GUSTAVE DRON (1856-1930)

Député-maire de Tourcoing, sénateur du Nord

Troisième partie - Chapitre 7 - Paragraphe 5/12

Avis à la population

C’est le mercredi 14 octobre vers 11 heures du matin, une semaine jour pour jour avant sont 58ème anniversaire, que DRON rencontre le premier plénipotentiaire allemand venu le trouver à la mairie pour lui annoncer l’occupation de Tourcoing dans les heures à venir. On trouve un interprète, M. SPEDER qui traduit les propos de l’Allemand. Il réclame la livraison d’otages afin que l’occupation se fasse en toute tranquillité.

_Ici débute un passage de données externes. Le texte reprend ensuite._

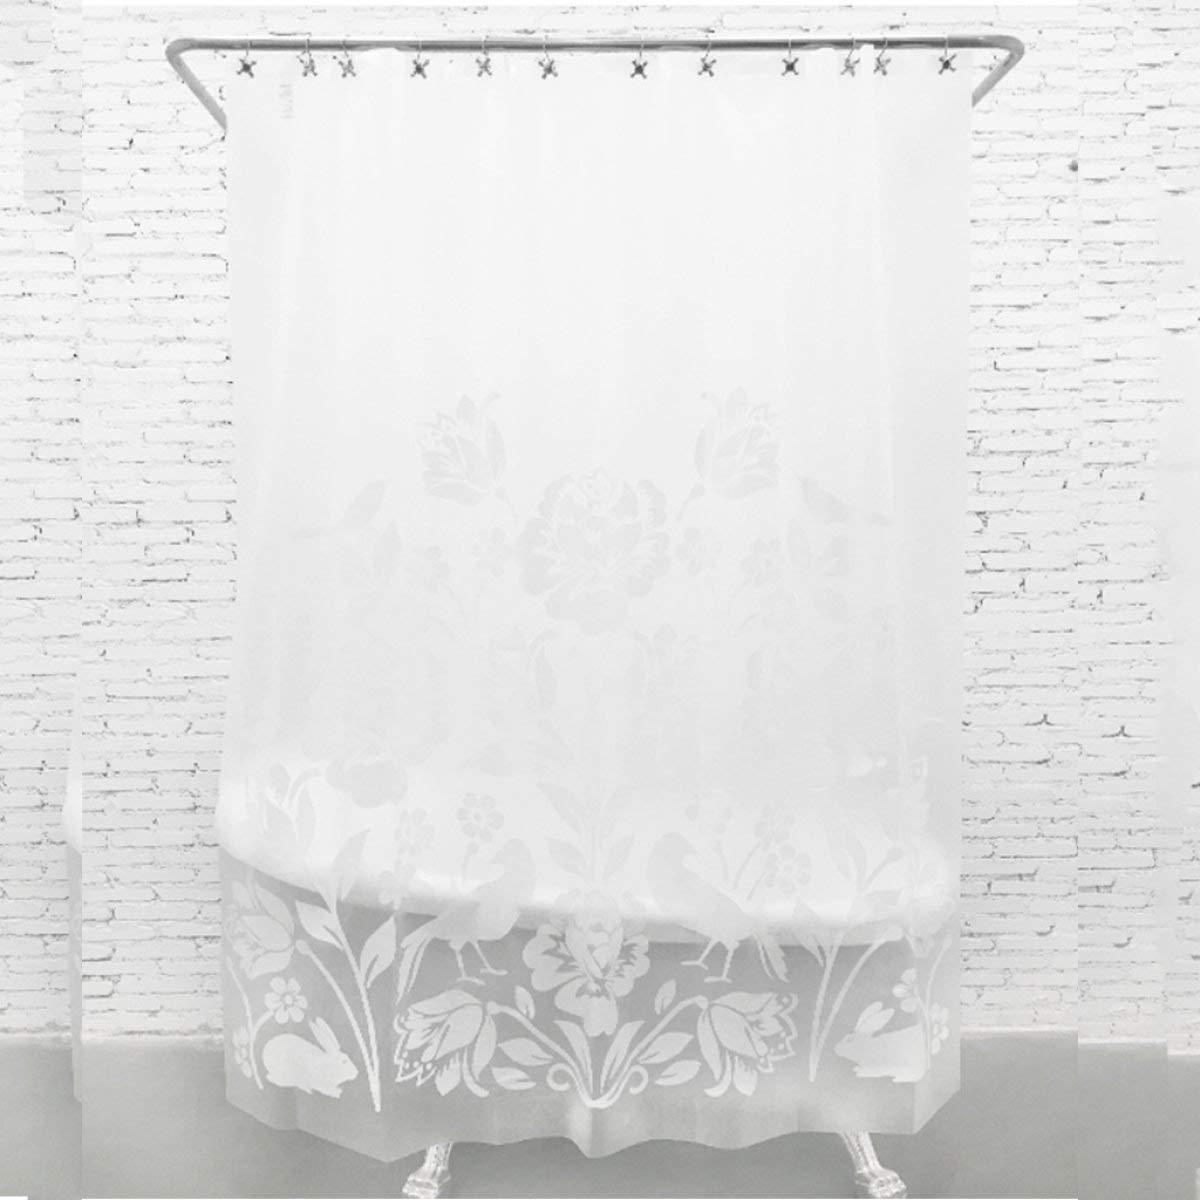 Der Innovative Paper Cutting Translucent Matt Blinds Thickening EVA Baths Free Punching Shower Curtains Antibacterial Mold Molds Bathroom Accessories

Les otages, dont DRON lui même, furent conduits à Roncq, dans les locaux du Patronage. Il s’agit de MM. le chanoine LECLERCQ doyen de Saint-Christophe, l’abbé MALAQUIN du Sacré-Coeur, ROMAIN DUQUENNOY, GEORGES DUVILLIER, ABEL LEVEUGLE, conseiller d’arrondissement et de JOSEPH VILLAEYS, conseiller municipal. Ils seront libérés quelques jours plus tard, notre maire le lendemain même, afin de servir de médiateur entre autorités allemandes et populations occupées. Ainsi, le 15 octobre, il lui fut demandé de rassembler en quatorze jours de délai, les sommes de 2.975.000 francs d’indemnités de guerre et de 1.000.000 de francs pour rançon des otages. La municipalité ne parvint à réunir que 1.700.000 francs en faisant appel au concours des citoyens, ce qui ne satisfaisait point les exigences allemandes. Ils exigèrent alors un paiement quotidien en nature qui devait peser très lourd sur le ravitaillement de la ville. Étaient attendus quotidiennement :

  • 8.000 kilos de pain
  • 3.500 kilos de viande
  • 4.000 oeufs
  • 2.000 litres de vin
  • 1.000 litres d’eau de vie
  • 175 kilos de sucre
  • 150 kilos de café
  • 100 kilos de beurre
  • 26 kilos de thé
  • 8.000 cigarettes
  • 8.000 cigares
  • 80 kilos de tabac
  • 50 kilos de bougies
  • et 10.000 kilos d’avoine

Pourvoir au ravitaillement allemand selon ces conditions fut la tâche principale et forcée de GUSTAVE DRON durant 1.463 jours d’occupation, une tâche harassante pour cet homme responsable de ses concitoyens et ne cherchant guère à fuir ses responsabilités. Précisons que chaque mécontentement allemand entraînait le paiement d’une taxe supplémentaire de 10.000 à 100.000 francs.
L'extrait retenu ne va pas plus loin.